Under the sponsors’ bill AGDC was exempt from the Executive Budget Act. Under the CS, AGDC’s operating budget will be subject to the act, but not its pipeline work.

The ability of AGDC to create a capital reserve fund is curtailed under the CS, which requires AGDC to come back to the Legislature for permission to form the fund, which might not be required depending on factors such as the creditworthiness of shippers.

Other concerns

The City of Valdez has been running an ad campaign in opposition to HB 4, arguing that only a large line will meet the needs of Alaskans both for natural gas for use by residents and for revenues.

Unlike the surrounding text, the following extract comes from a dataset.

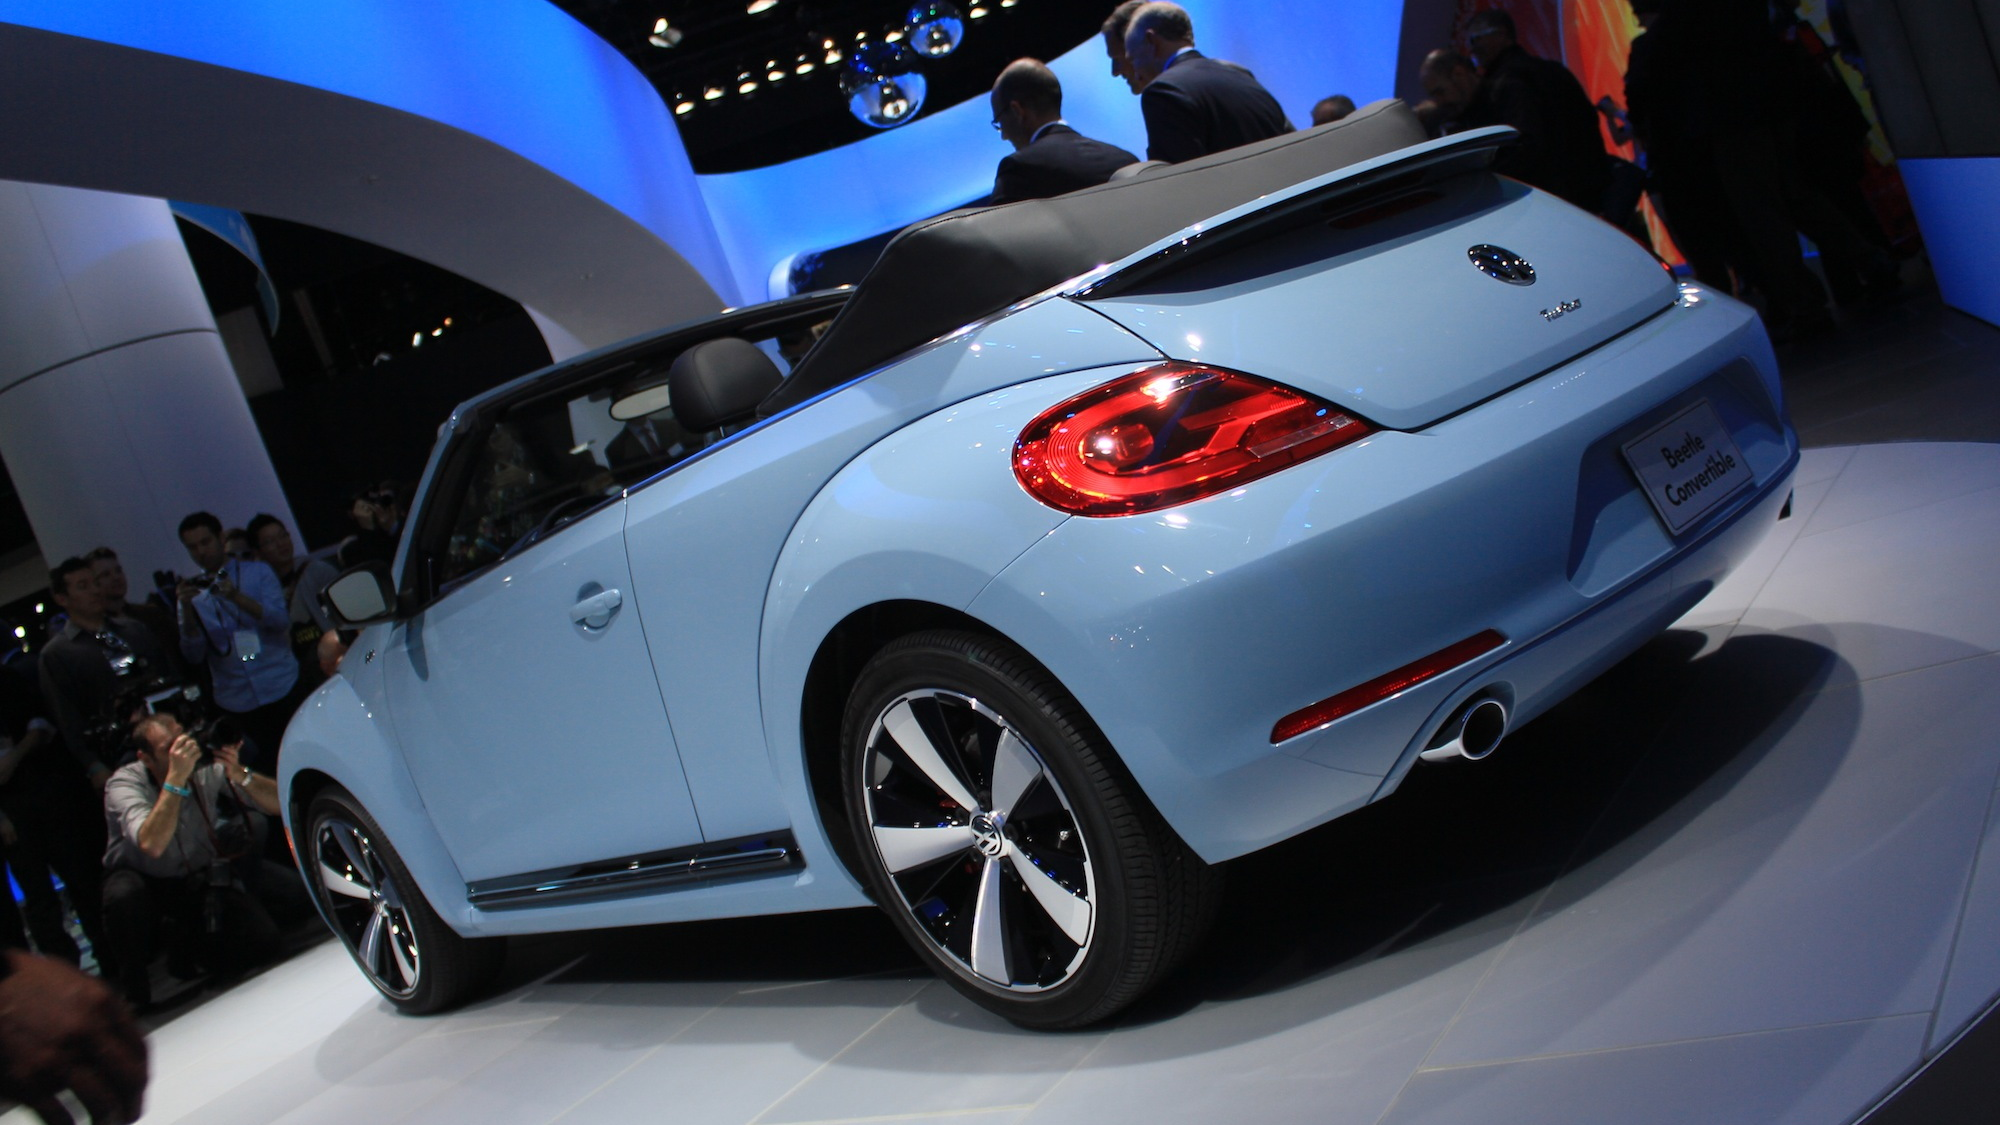 2013 Volkswagen Beetle Convertible live photos, 2012 L.A. Auto Show
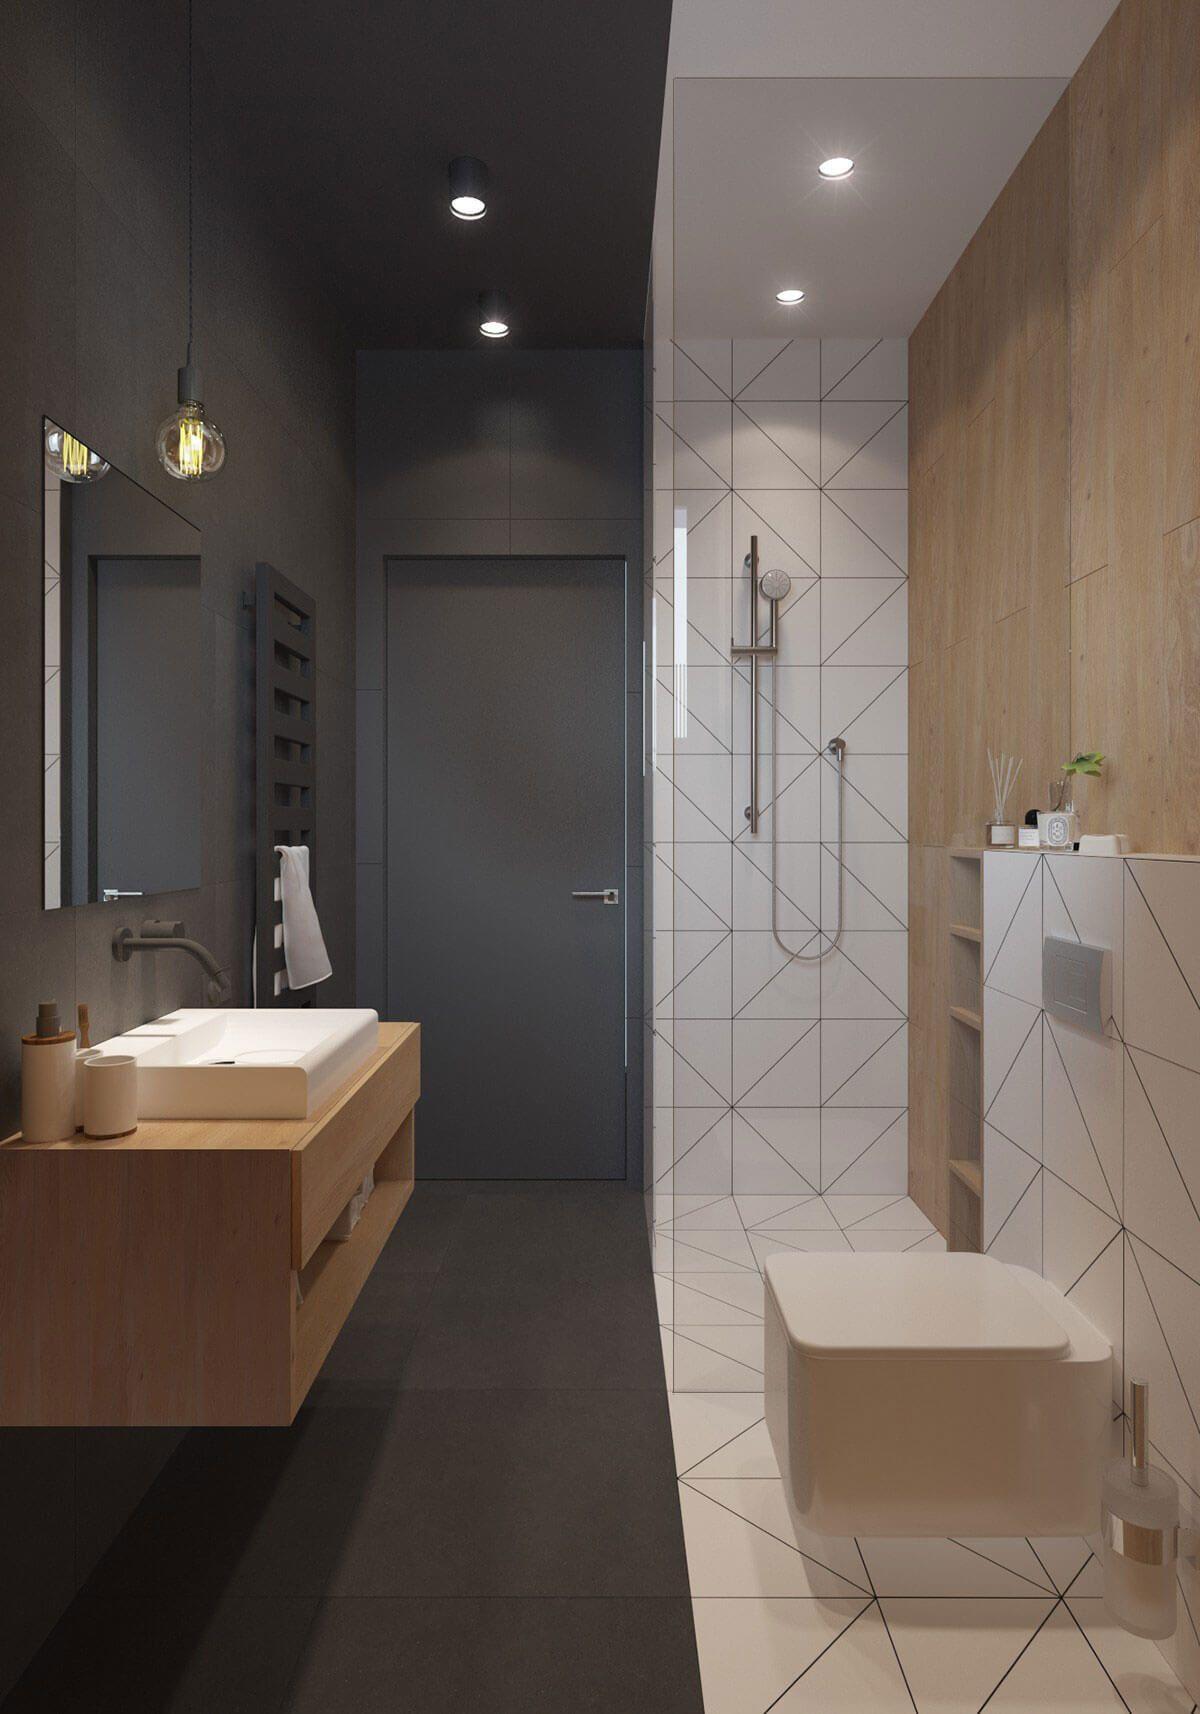 032 Modern Scandinavian Zrobym Architects Modern Bathroom Design Bathroom Interior Design Bathroom Inspiration

Hawker said in a March 28 presentation to House Finance that legislators don’t know where AGIA is going, and need to move the state forward. He said the goal is to use the talent at AGDC to benefit the state, to be a brain trust and move a gas project forward. Hawker said HB 4 respects the contract the state has with TransCanada under AGIA, but said the bill allows the state to move forward on a viable project that can work if AGIA fails.

Chenault told the committee there was concern about the $9 estimated cost for natural gas with an AGDC project, but said Cook Inlet utilities have told him they paid $22 per thousand cubic feet for peak gas this winter. Some Cook Inlet contracts are at $13 to $15, he said.

Hawker noted that while a larger line would be more economic, no gas pipeline will be an immediate solution and the state has to look at short-, mid- and long-range solutions.

HB 4, he said, protects the state’s interest by creating a place for the state at the table no matter what project moves forward.